Their administrative challenges can be substantially simplified using kustomize. Keep in mind that you currently possess a filesystem containing your Kubernetes configuration settings and customization.yml file.


── configmap.yml

── deployment.yml

── kustomization.yml

── service.yml

The file would define the overlay’s basis, and the patching technique kubernetes will employ. To refresh the CongiMap and deploy resources, you can use a strategic-merge-stype fix in this case.

The file should be saved and closed.

At last, under the, create a new deployment.yml and configmap.yml files.

Now you are ready to use your base setup to deploy. Uninstall the current resource immediately. Deploy the kubernetes basic setup. Make sure that deployment is in proper condition.

Just one EXTERNAL-IP of the service, you will find the anticipated base setup, with the development versions showing. Now, you have to put the production setup into action. Examine your deployment once again. Just EXTERNAL-IP of the service, you will get the expected production setup, with the production model displayed.

In the production arrangement, you will see three Pods rather than one. Tool, you can check the deployment resources to see if the less visible modifications have gone into effect.

To see the production edition of your website, go to your external-ip in a browser. Kustomize is increasingly being used to control application variance. Returning to one of your initial issues, if you now wish to update the Nginx image edition, all you have to do is alter deployment.yml in the foundation, and all your layers that utilize that foundation will also receive the update via Kustomize. This streamlines your development process, enhances readability, and lowers the risk of mistakes.

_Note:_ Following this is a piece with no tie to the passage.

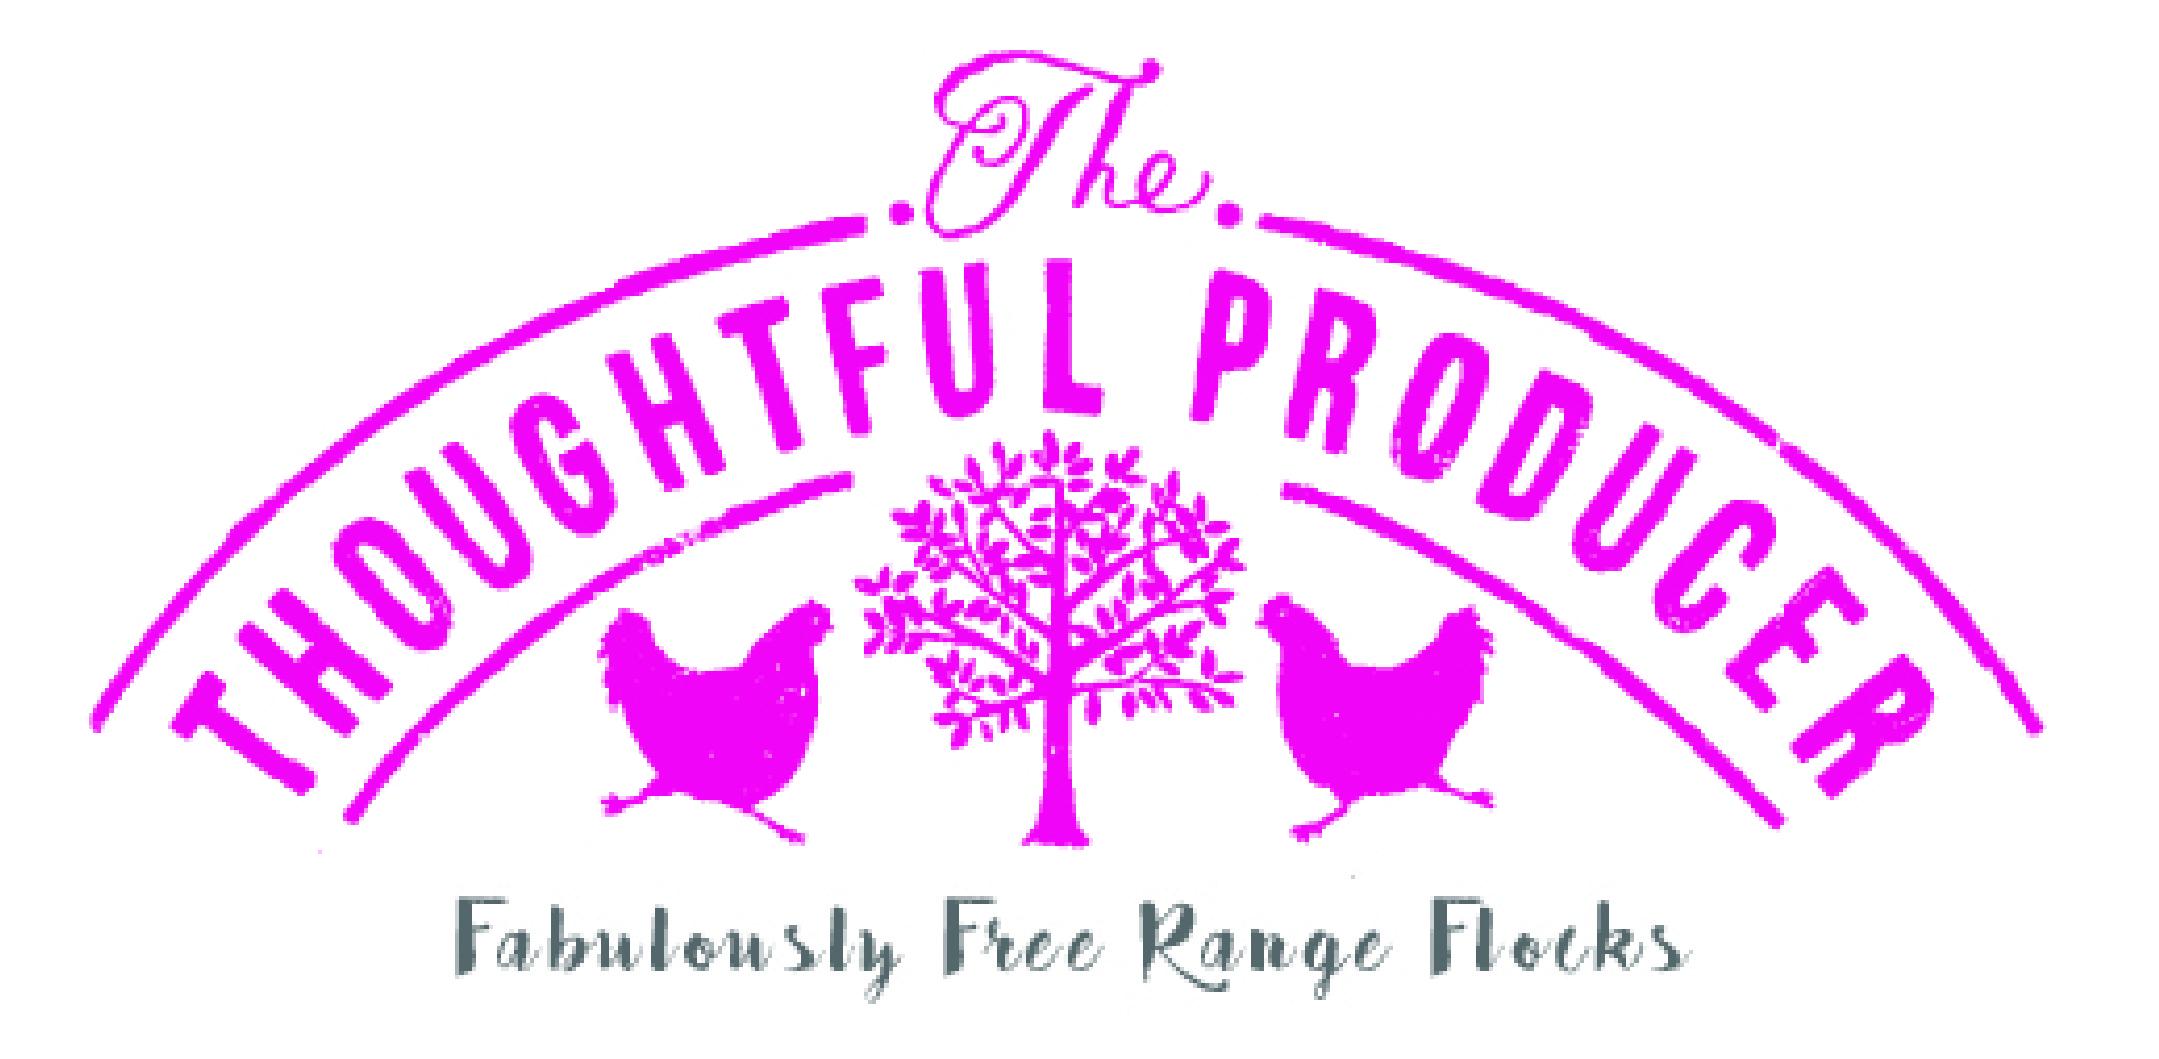 ttp-logo-vector-fabulously-free-range-flock-cropped.jpg

What are the advantages of adopting kustomize?

Now you must have ensured about every detail of kustomize’s main advantages, that incorporates;

1. Declarative template

Kubernetes and Kustomize both employ a declarative method to system configuration.

2. Consolidation of codebases which is easy to follow

Monitoring and administration are simplified by applying chosen patches via a centralized file that may be stored under version controls.

3. Using kubectl for integration

There have been no new dependencies or prerequisites to bother about because Kustomize is already included in the basic Kubernetes toolset.


In a nutshell, with the above given steps, you must have created a web app or deployed that to kubernetes. Afterward, you utilize kustomize to make managing your application’s setup for various contexts a lot easier. You have created a layer model out of a collection of identical YAML files.

It will definitely assist you to avoid mistakes in manual setups. And will make your work more precise and manageable. Meanwhile, This is only a small part of what kustomize has to offer in Kubernetes.